(GIVEN RECORDS):

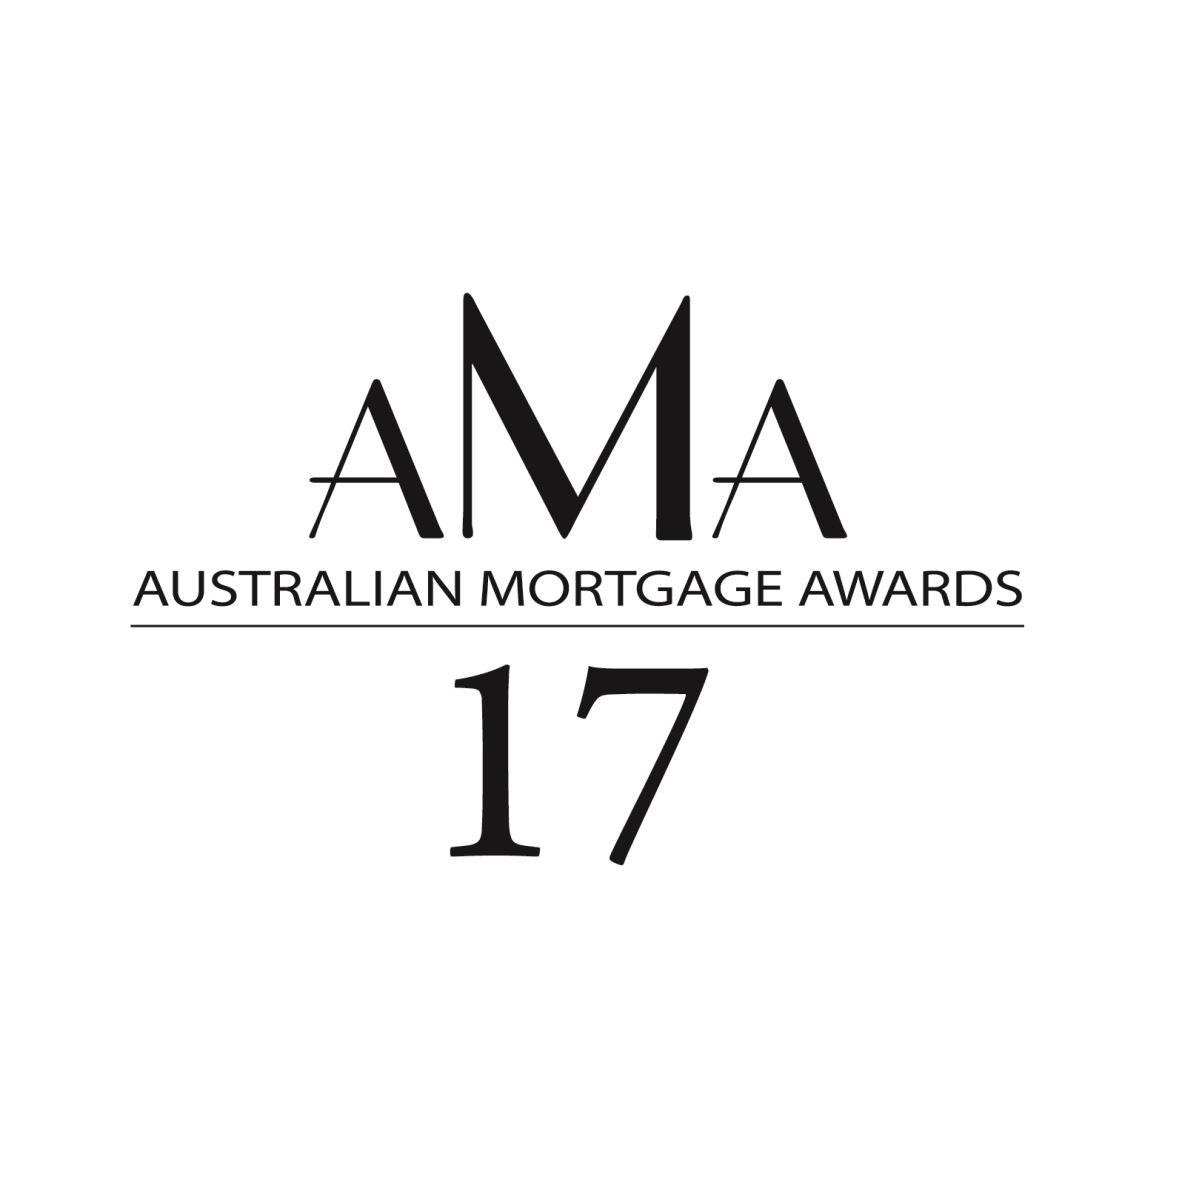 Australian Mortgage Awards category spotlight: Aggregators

* * *

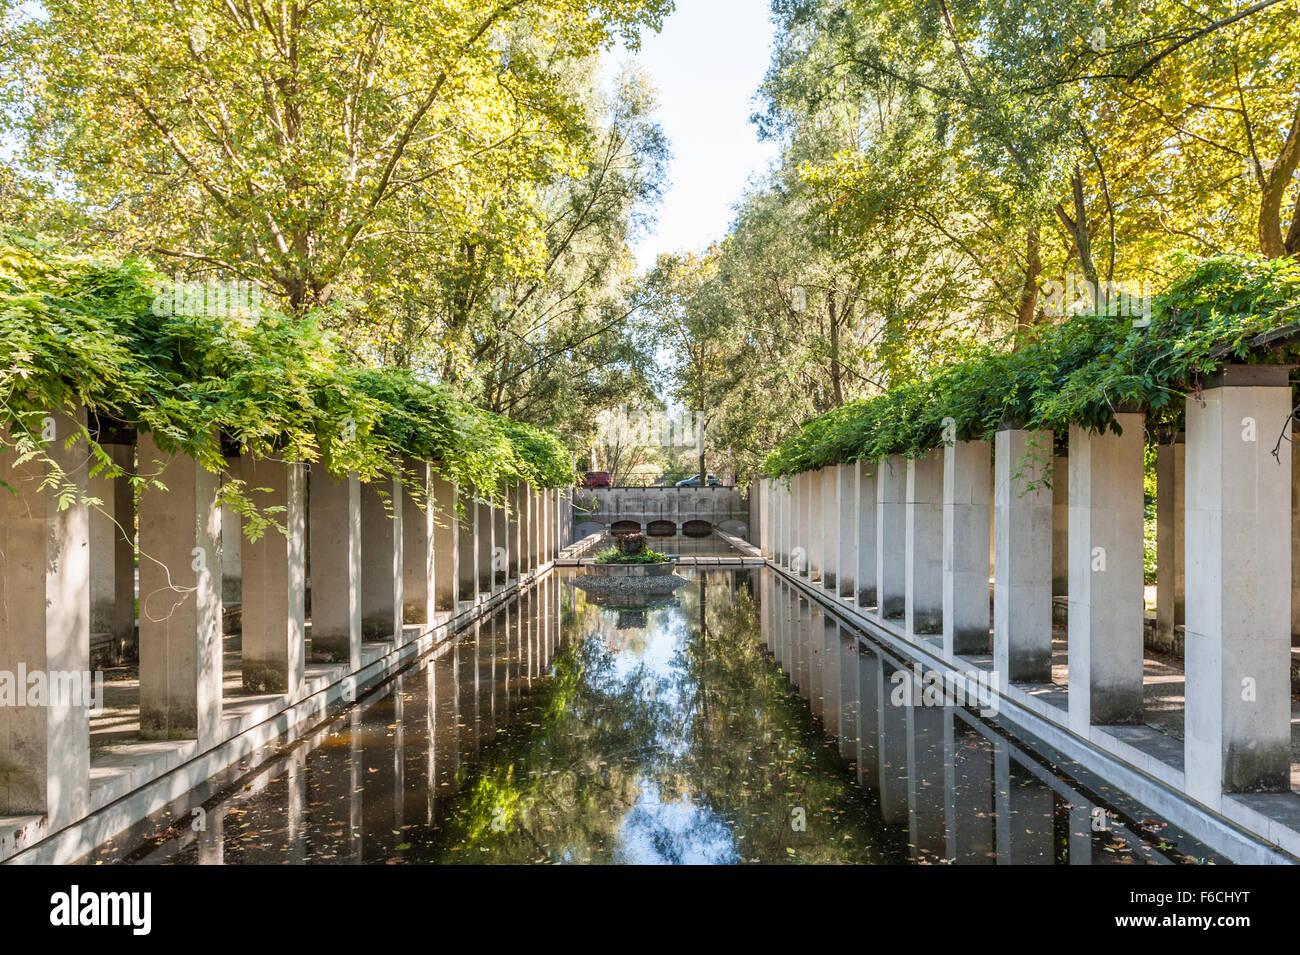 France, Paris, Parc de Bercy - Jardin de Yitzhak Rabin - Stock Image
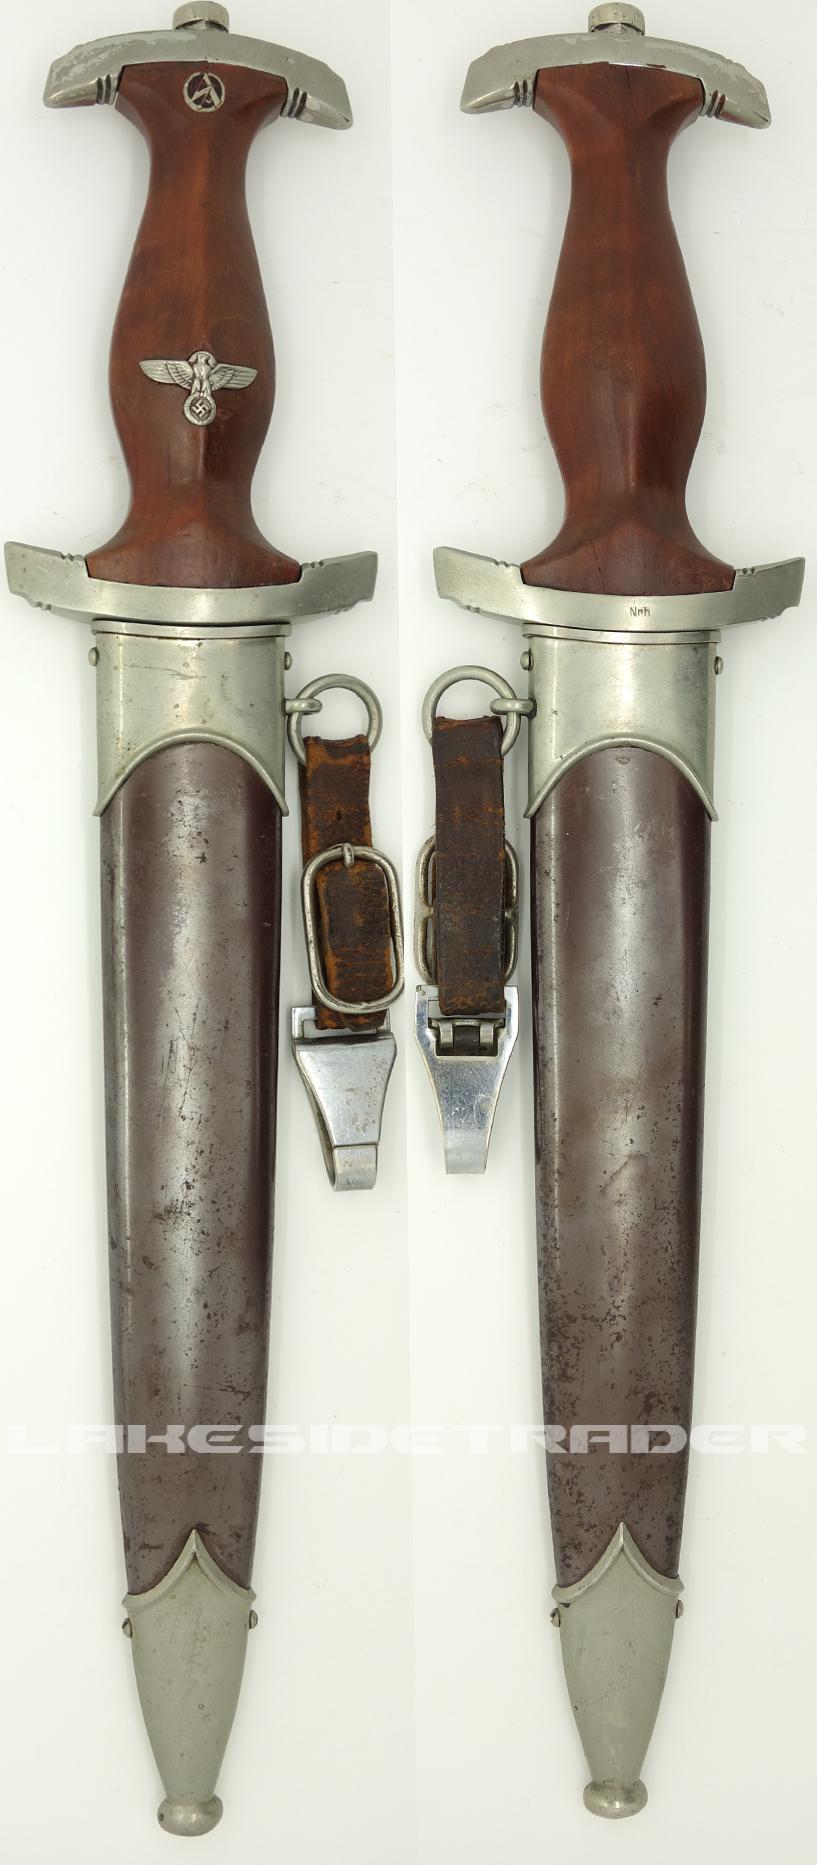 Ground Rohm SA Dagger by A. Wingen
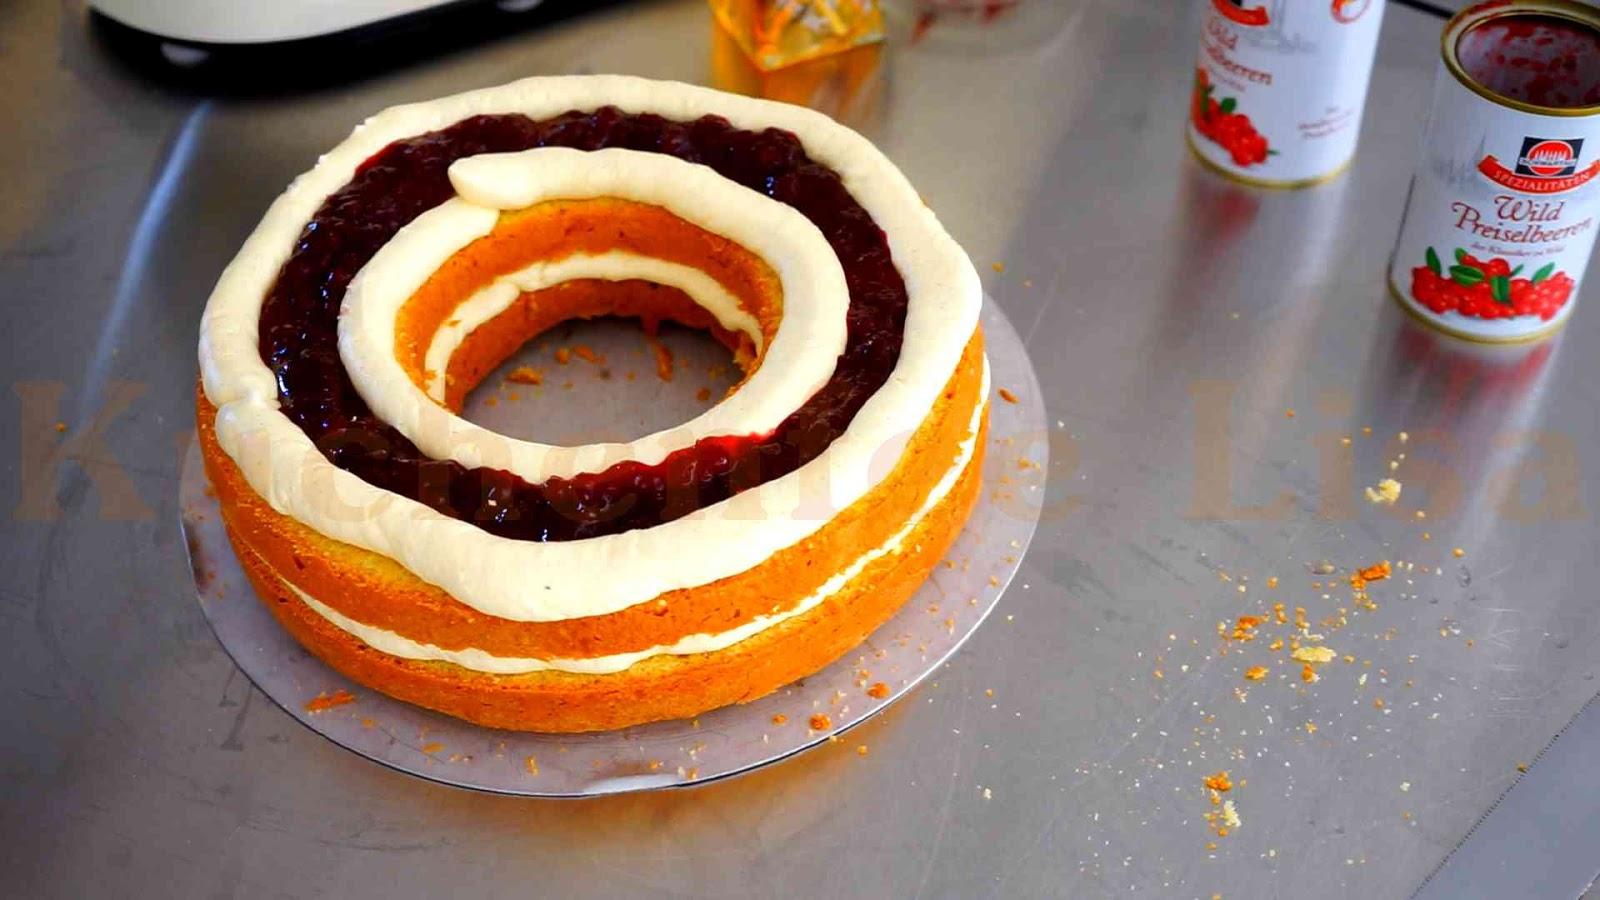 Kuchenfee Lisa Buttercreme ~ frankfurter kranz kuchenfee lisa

==

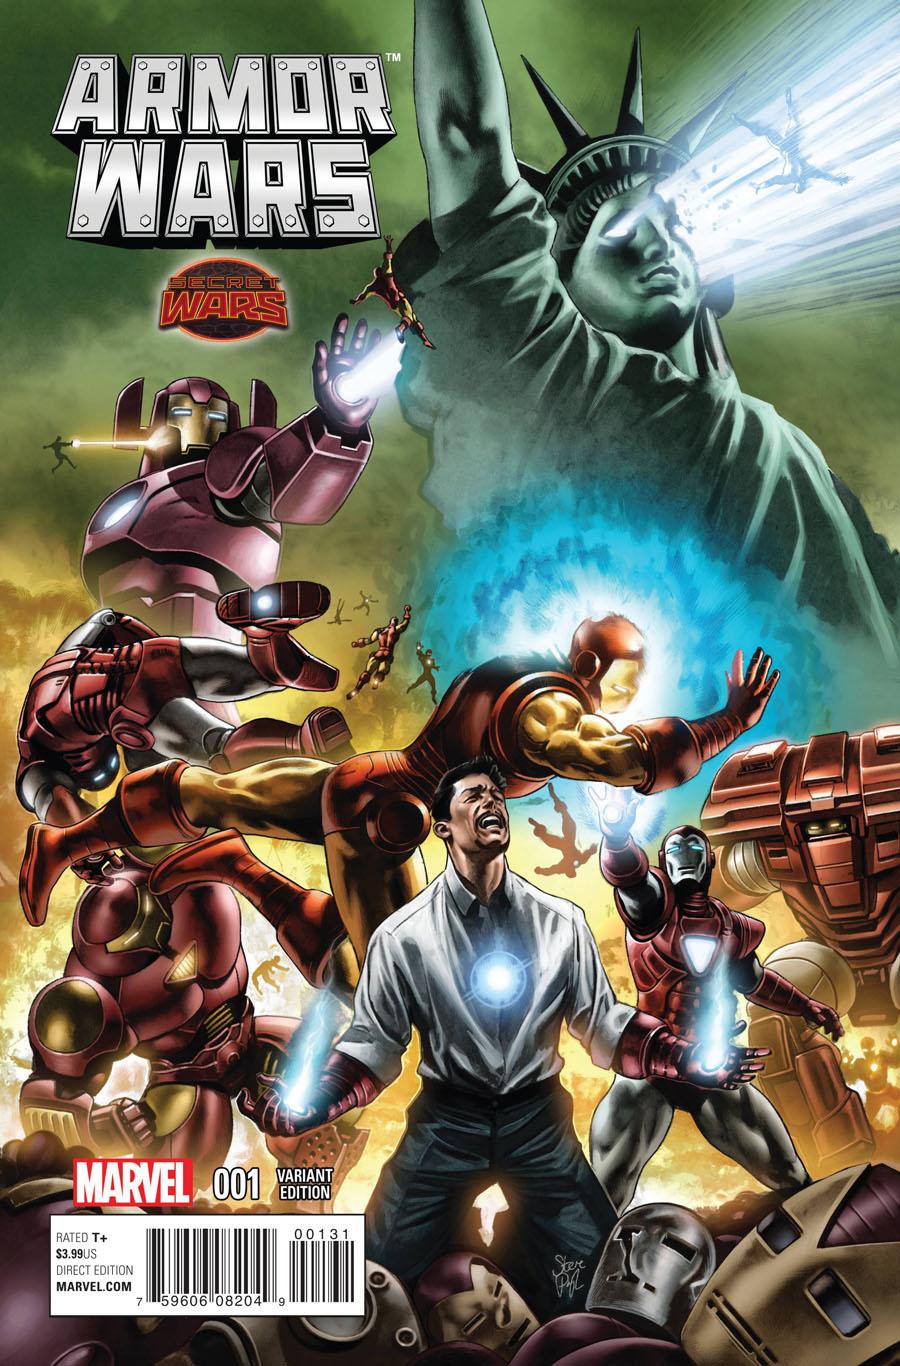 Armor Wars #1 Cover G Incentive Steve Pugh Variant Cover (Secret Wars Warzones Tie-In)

(EXERCISE): Reproduce the listing above exactly from the line containing "Ground Rohm SA Dagger by A. Wingen" up to and including the line containing "Kuchenfee Lisa Buttercreme", omitting any images and everything outside those lines.

(SOLVED EXERCISE):
 Ground Rohm SA Dagger by A. Wingen
 Kuchenfee Lisa Buttercreme ~ frankfurter kranz kuchenfee lisa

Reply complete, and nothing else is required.